OBJECTIVE OF THE STUDY: To determine if age, breed, gender, weight or distraction index (DI) influenced the risk of radiographic osteoarthritis (OA) of canine hip dysplasia (CHD) in four common dog breeds; the American bulldog, Bernese mountain dog, Newfoundland and standard poodle.

RESULTS: For all breeds, DI was the most significant risk factor for
the development of OA associated with CHD. Weight and age were
also significant risk factors in all four breeds, but gender was not.

Ok... so lets put that in layman's terms. DI is what Pennhip tests. It shows how "loose" the hip joint is. This paper made the argument that Pennhip testing is the best predictor of future osteoarthritis (OA) which basically causes Canine Hip Dysplasia (CHD).

These are some other things I pulled out of the article:

1. Breeds not known to have CHD (like Greyhounds) have DIs below .30
2. It is possible for breeders to improve laxity through selective breeding.
3. Breeders of all breeds should be trying to breed for DIs below .30.
4. Breeders need to test after age 24 months because laxity gets worse with age.
5. Higher laxity does seem to affect different breeds differently. This may be due to size and weight (e.g. An American Bull dog with DI .50 is at greater risk for OA than a Standard Poodle).

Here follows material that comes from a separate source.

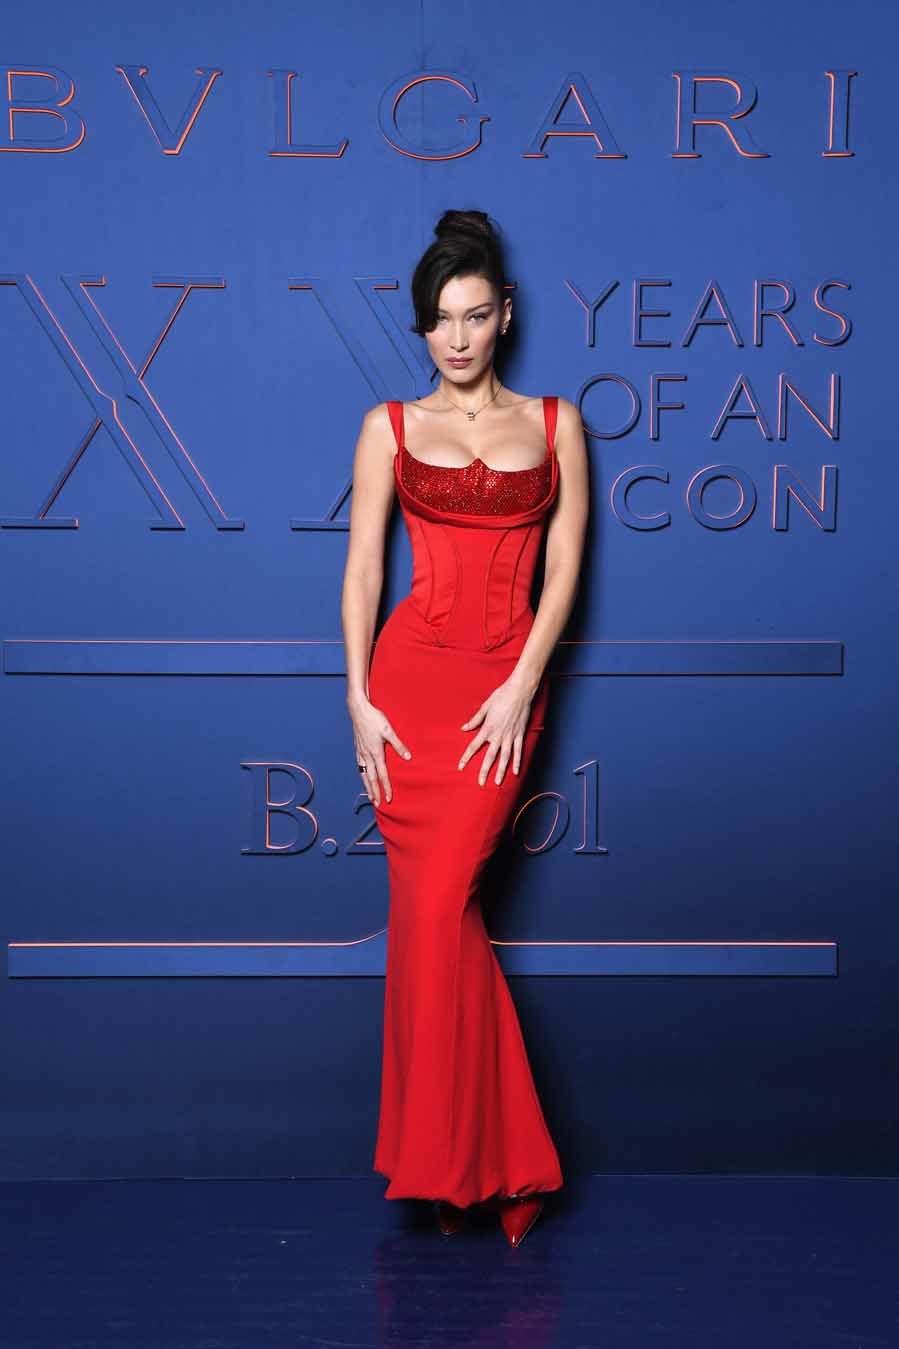 Bella Hadid - XX Aniversario de B.zero1 de Bvlgari
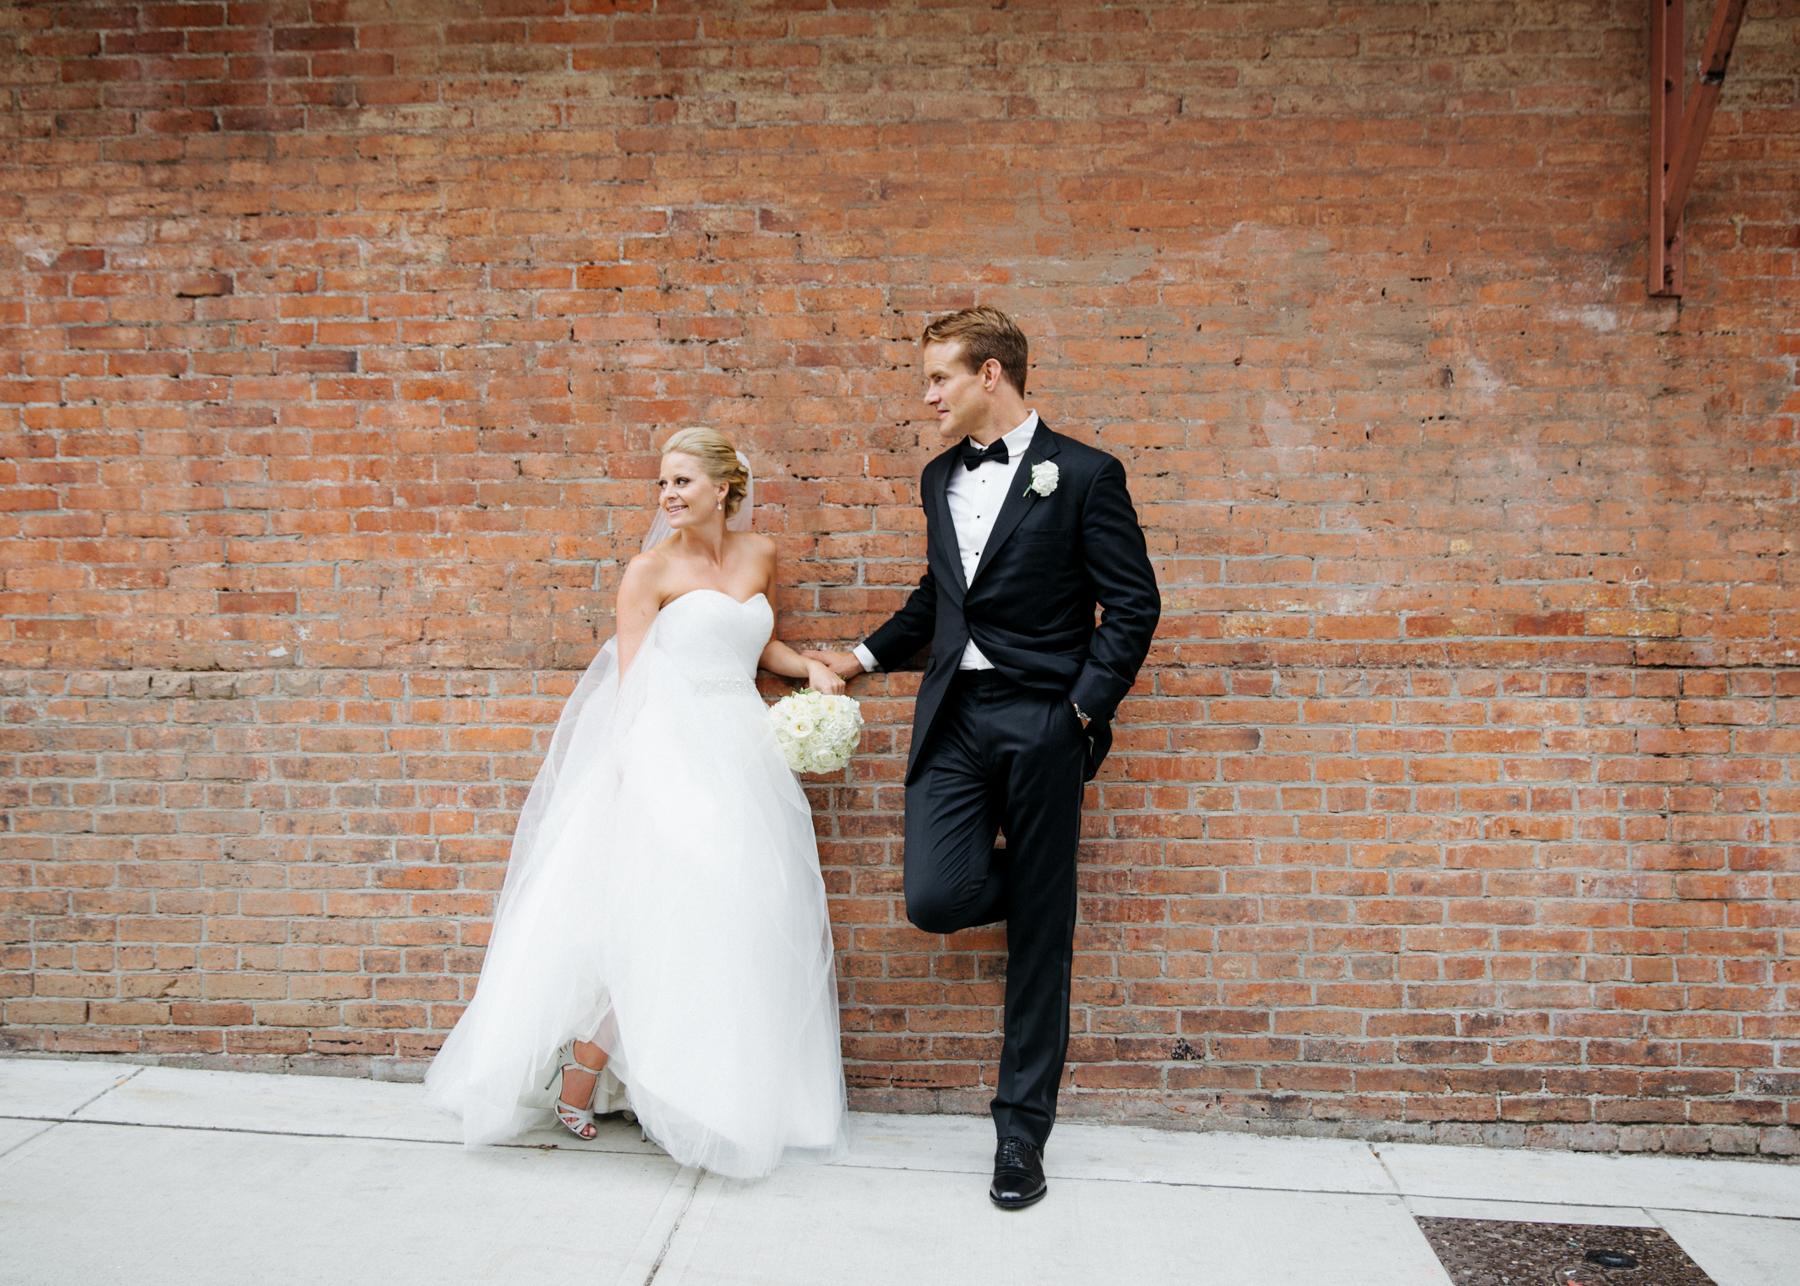 kaoverii_silva_photographer_via-herafilms_kelly_mike_wedding-16.jpg

The thing that I thought was most interesting was the recommended age of testing. Pennhip has been used by many breeders because you can test and get DI scores very early. For some this is just a baseline measurement, but for many breeders, it has allowed them to breed young dogs but still say that they are "testing".

According to this article, best breeding practices would be to Pennhip test after age two because this gives a more accurate picture of a dog's true hip laxity.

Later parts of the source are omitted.